Without Eloise’s, said Hull, a former professional clown and Greyhound employee, he would be hard-pressed to feed himself and his wife.
“I don’t like to have to come,” he said, but financial difficulties make it necessary after he lost his job at the bus company in 2010.
“It’s my mainstay,” said Hull, who has dropped by the food bank once a week since 2014. He grew up in the neighborhood and went to schools within blocks of the food bank.
“I really enjoy the vegetables,” he said.
He bought his home 19 years ago “to spread some light into the neighborhood,” he said.
At the time, he performed as a clown at weekend parties and on Wednesdays at Mary Bridge Children’s Hospital and Health Center in Tacoma.
On occasion, the clown can be coaxed out of retirement for a show. At the food bank’s request, Hull recently sang, filled balloons and juggled at the McKinley Hill Street Fair.

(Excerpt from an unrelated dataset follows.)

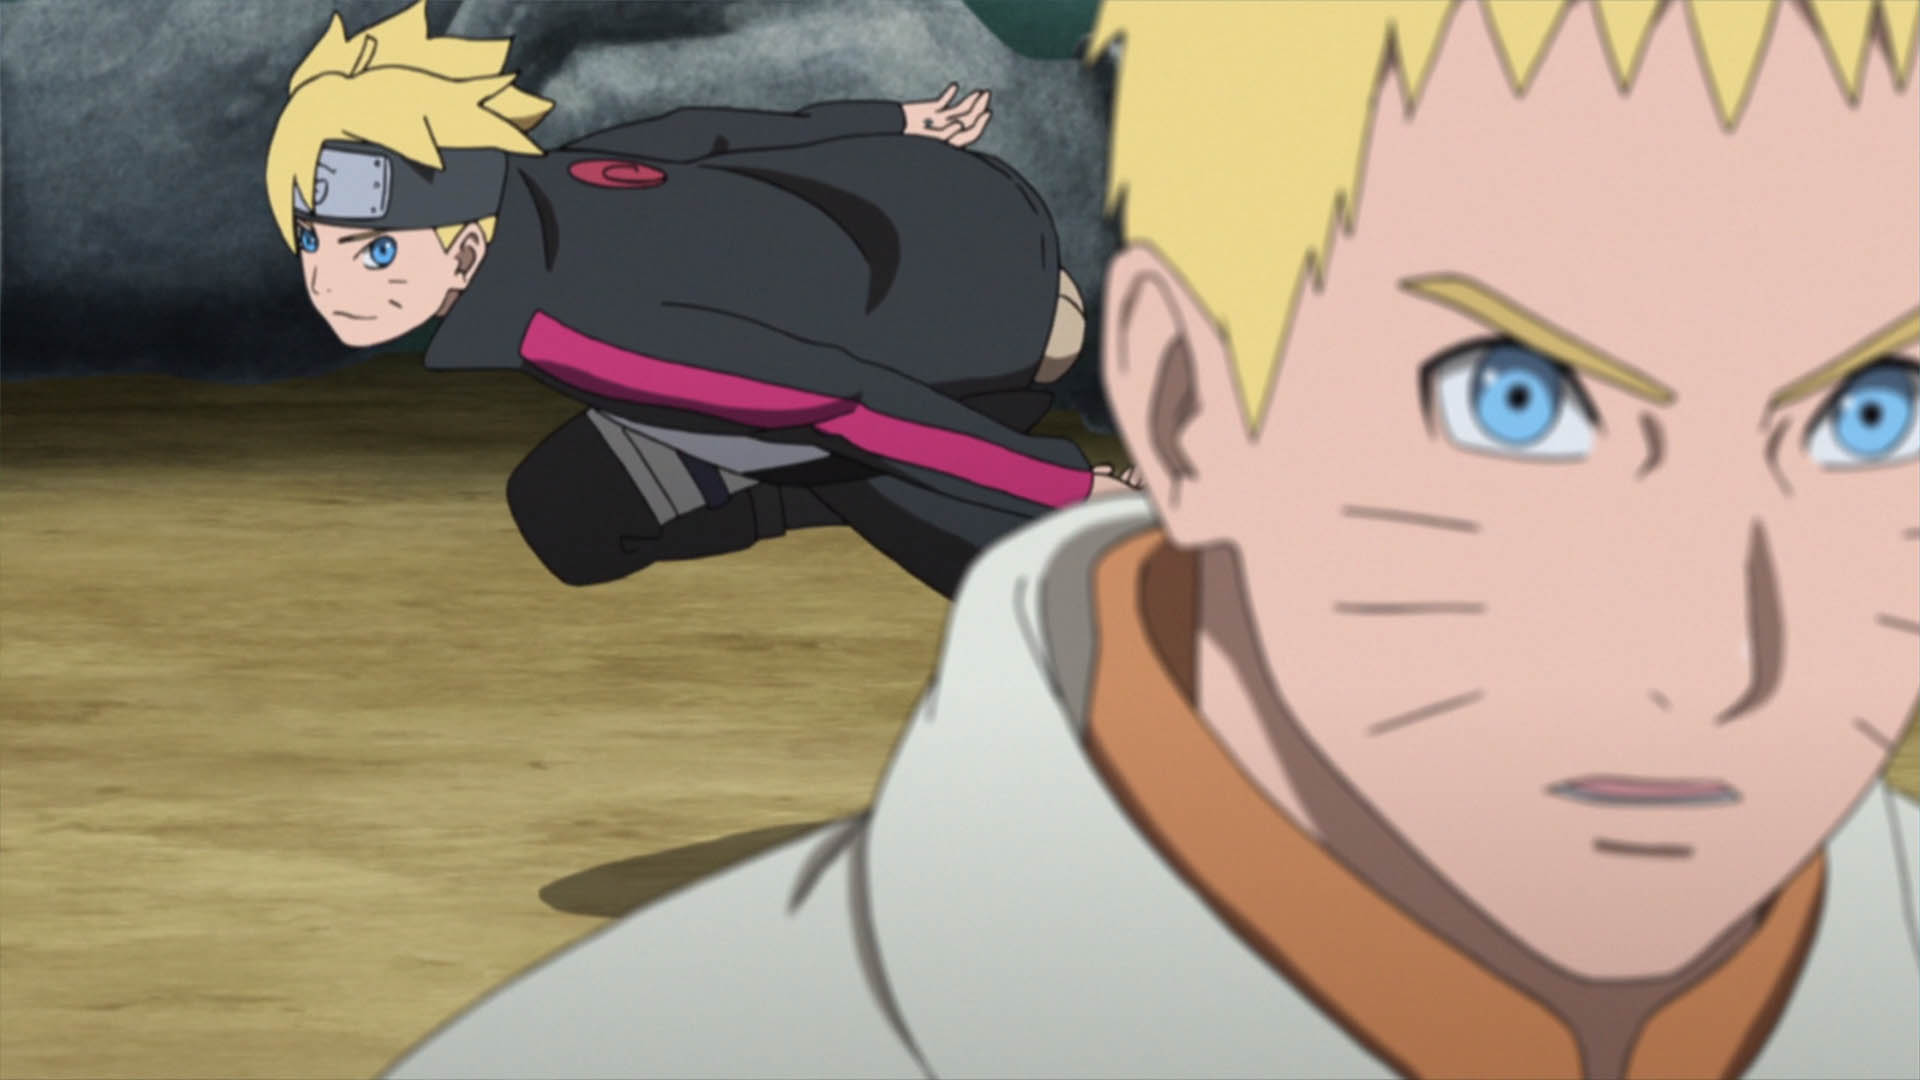 Boruto - Episódio 181 mostra Naruto enfrentando seu filho

Rigdon, the former candy packer, began volunteering at Eloise’s by driving a truck from store to store to pick up donations. Now she comes in on Thursdays to divide boxes of meat and bulk sacks of vegetables and grains into Ziploc bags.
The best thing about the food bank is the variety in the ever-changing inventory of produce, she said.
“Different families like different things,” Rigdon said.
The East Side doesn’t have many grocery options — a couple of convenience stores, an Asian grocery store and a deli, Rigdon said. Ever since the Albertsons on 38th Street closed, residents who don’t have cars have been left with few choices.
To ease that “food desert” problem, Blue started Eloise’s.
It’s named for Blue’s grandmother. Originally from the South, she enjoyed cooking food from the region in a cast-iron skillet and opened her Los Angeles home to all who needed a meal, Blue said.
The food bank collects donations from local stores, including Safeway and Walmart, and the Emergency Food Network, the Pierce County-based organization that gives to area food banks.
Apex Cold Storage in Fife refrigerates Eloise’s produce and meat for free.
The food bank also grows herbs in a community garden in South Tacoma.
Blue said she runs the food bank because she thinks it is the right thing to do.
“We all have the capacity to impact someone’s life,” she said.